_Activity_. The expected response is the full listing, retyped exactly, without its images.

_Source data_.

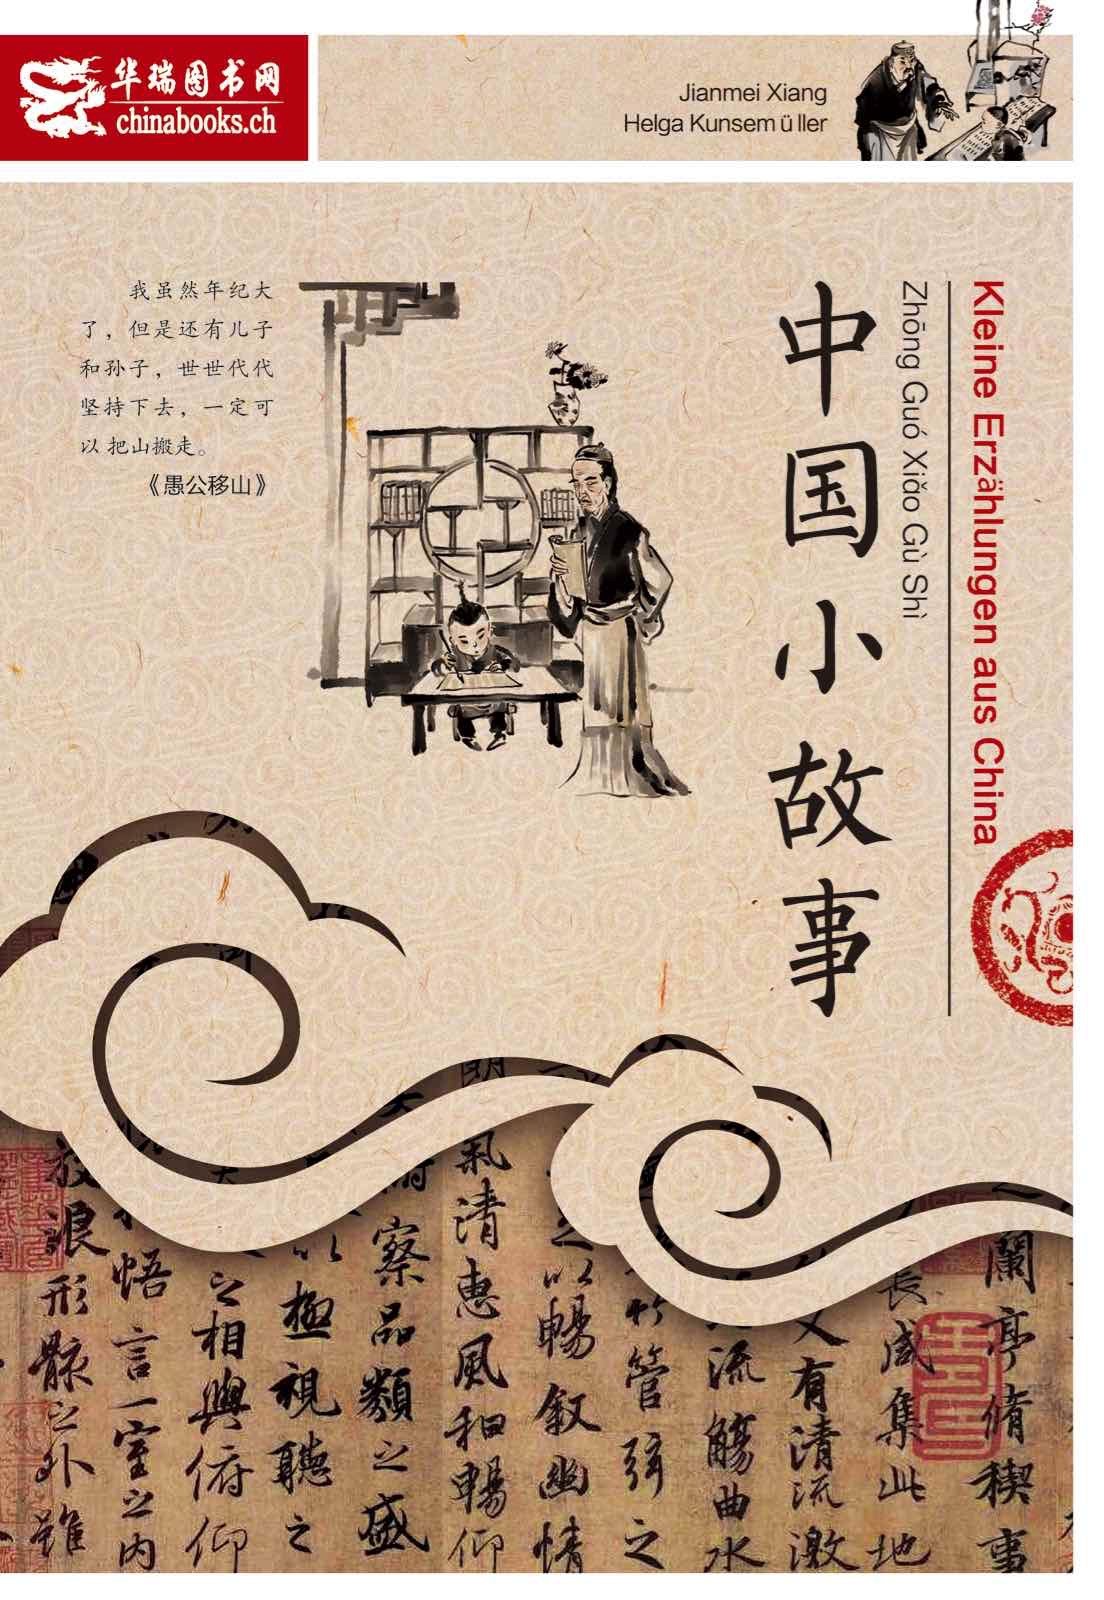 中国小故事 Kleine Erz鄣lungen aus China - f�r Chinesischlernende (汉德对照)<br>ISBN:978-3-905816-70-9, 9783905816709
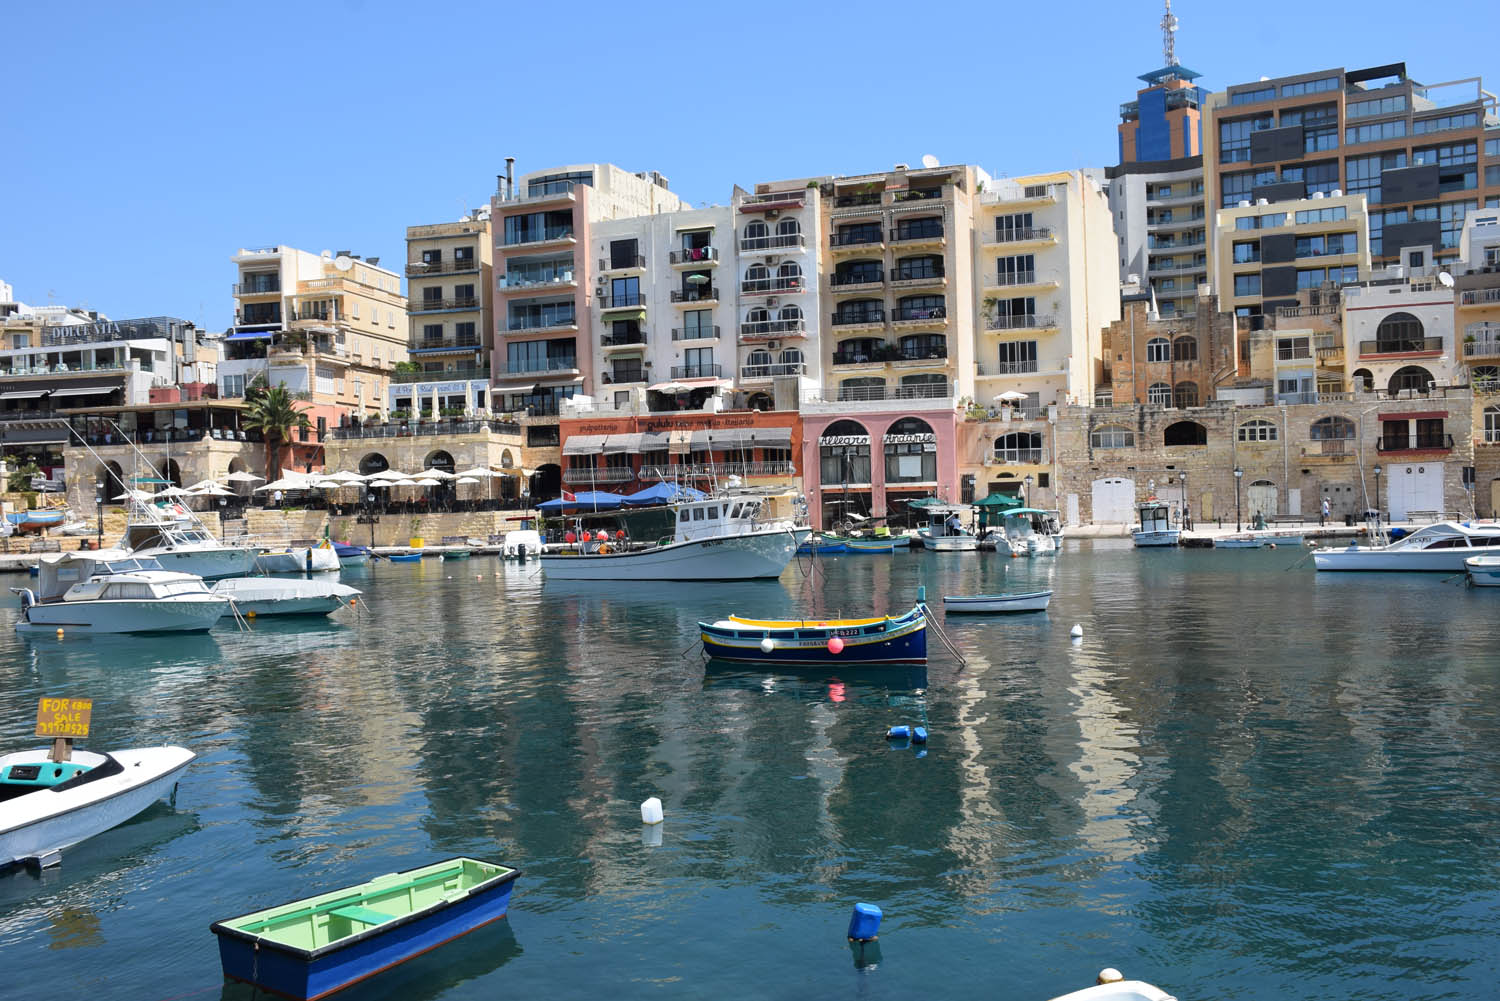 Spinola Bay - St. Julian's - Malta
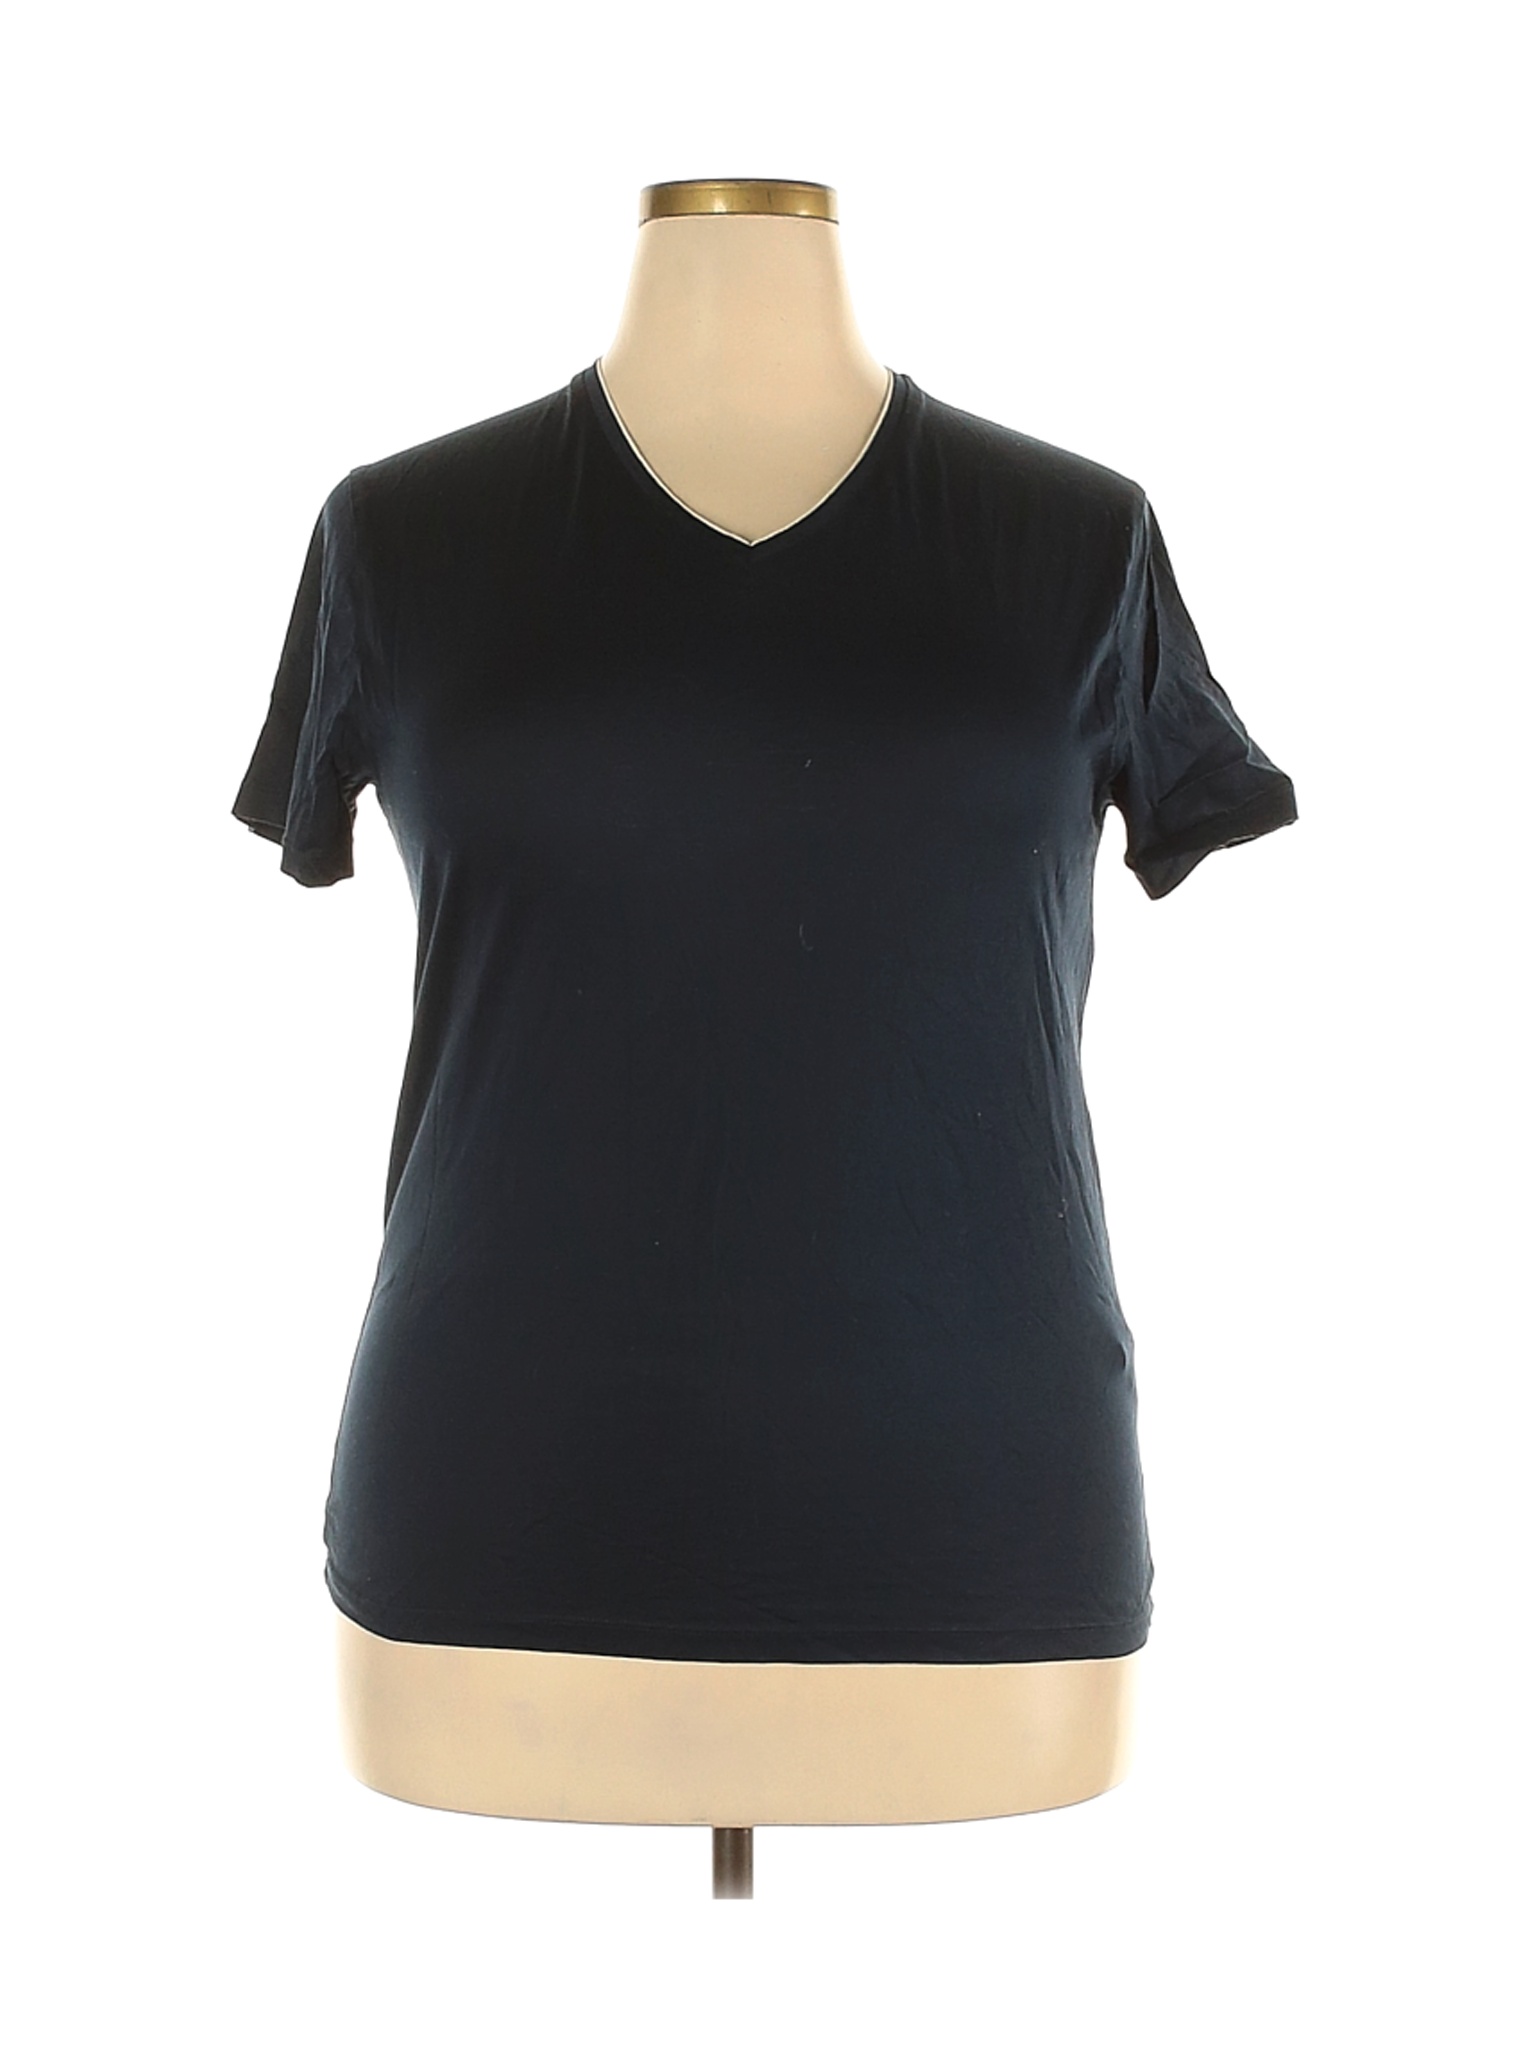 BOSS by HUGO BOSS Women Black Short Sleeve T-Shirt XXL | eBay
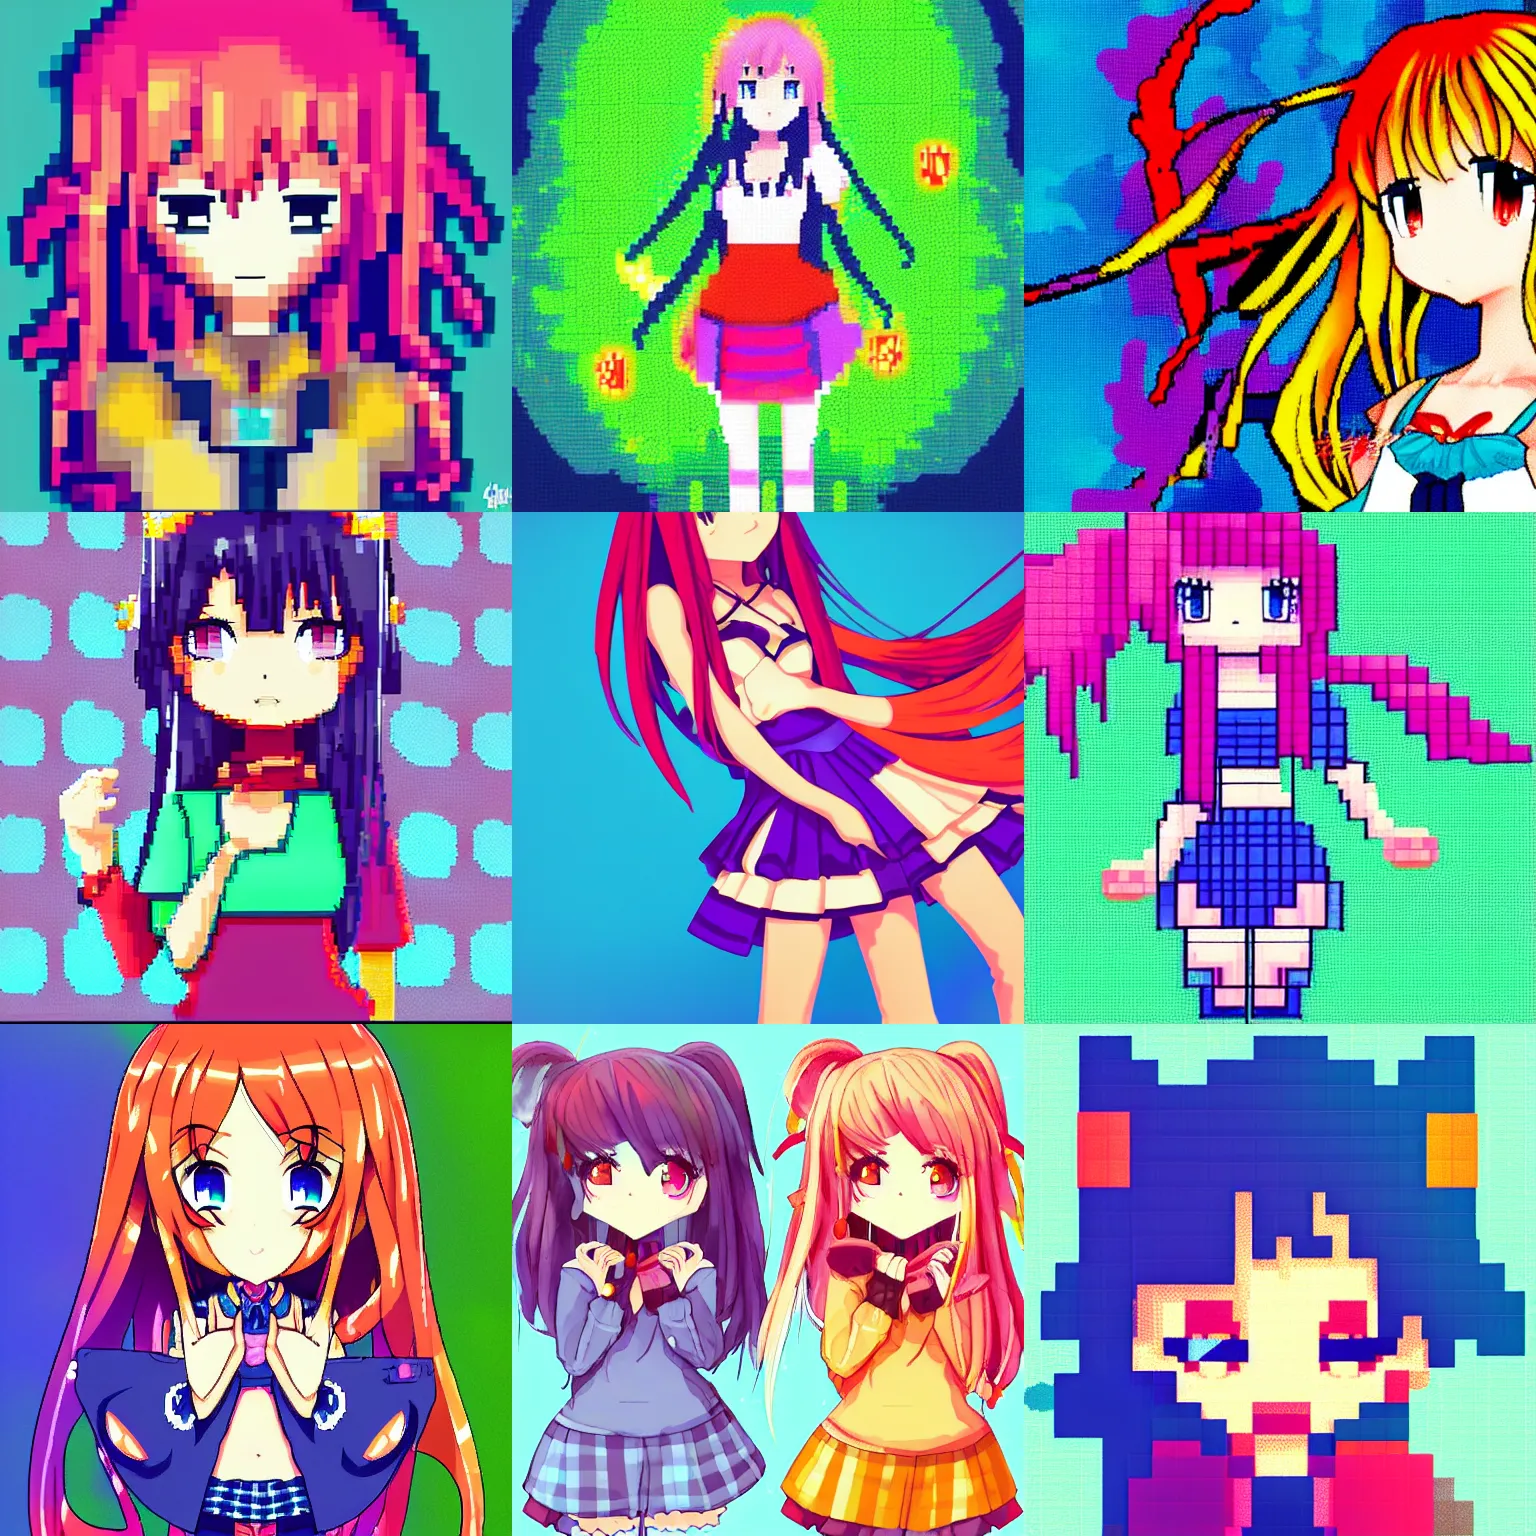 Prompt: anime girl, colorful, pixel art, 1 6 bits, 2 d

_Result of the exercise_.
 中国小故事 Kleine Erz鄣lungen aus China - f�r Chinesischlernende (汉德对照)<br>ISBN:978-3-905816-70-9, 9783905816709
 Spinola Bay - St. Julian's - Malta
 BOSS by HUGO BOSS Women Black Short Sleeve T-Shirt XXL | eBay
 Prompt: anime girl, colorful, pixel art, 1 6 bits, 2 d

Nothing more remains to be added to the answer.